I'll probably get stoned to death for daying this, but I think the Beatles were simply awful, especially when they started doing more experimenting in the late 60s. Their success was based more on their playful image than anything else; they could have recorded an album of burps and be hailed as "geniuses." Critics call them great because they were the fans worshipping them when they were kids.

People often point to their commercial success as proof of their brilliance, yet the Monkees had the two highest selling albums of 1967, but that doesn't mean they were the best that year. I gave all the Beatles' albums and honest listening to a few years ago to see if I was wrong, but it only reaffirmed my belief.

Okay...I accept my death sentence and summary execution at the crack of dawn. It was worth it, though.


----------



## KenTR (Dec 27, 2019)

Damn, Dan, you're a brave man!

I was never a fan, and my ambivalence blossomed into dislike after I roomed with a rabid Beatles fan for a few years. His philosophy was that if you didn't like The Beatles, there was something wrong with your musical tastes. I got over my dislike, now I just think they're somewhat overrated.

Some thoughts:

They were great melodists and brilliant songwriters. I admire them for subversively bringing psychedelia into the pop mainstream. 

I first came to listen to them as a result of an interest in the Manson murders.

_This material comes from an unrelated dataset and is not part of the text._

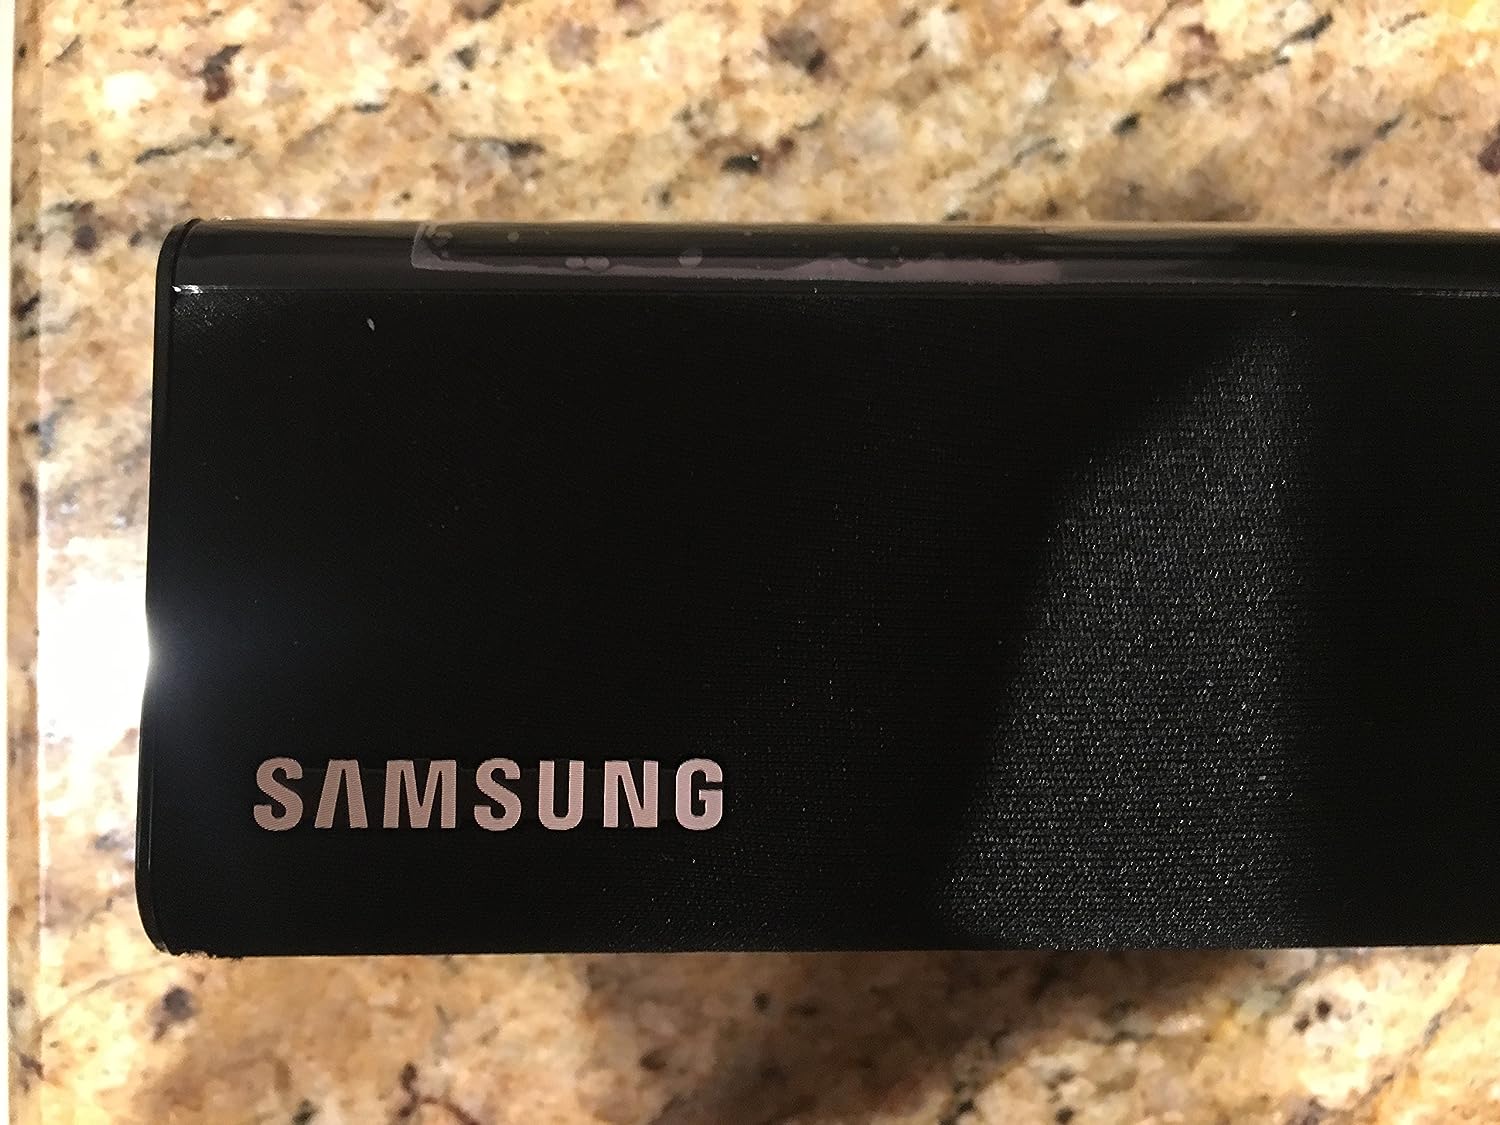 Samsung Hw-fm35 Sound Bar

I bought The White Album, which I played a lot. I was always fascinated by "Sexy Sadie"; that odd, tilted piano phrase that opens the song and continues throughout the verses gives it a creepy vibe. Or maybe it's the prescience of the lines "You made a fool of everyone" and "You laid it down for all to see": It was Susan Atkins, nicknamed Sadie after the song, who broke the case by confessing her involvement in the Tate murders to her cellmate. Even without that bit of unpleasant backstory, it's a great song and possibly one of my favorites.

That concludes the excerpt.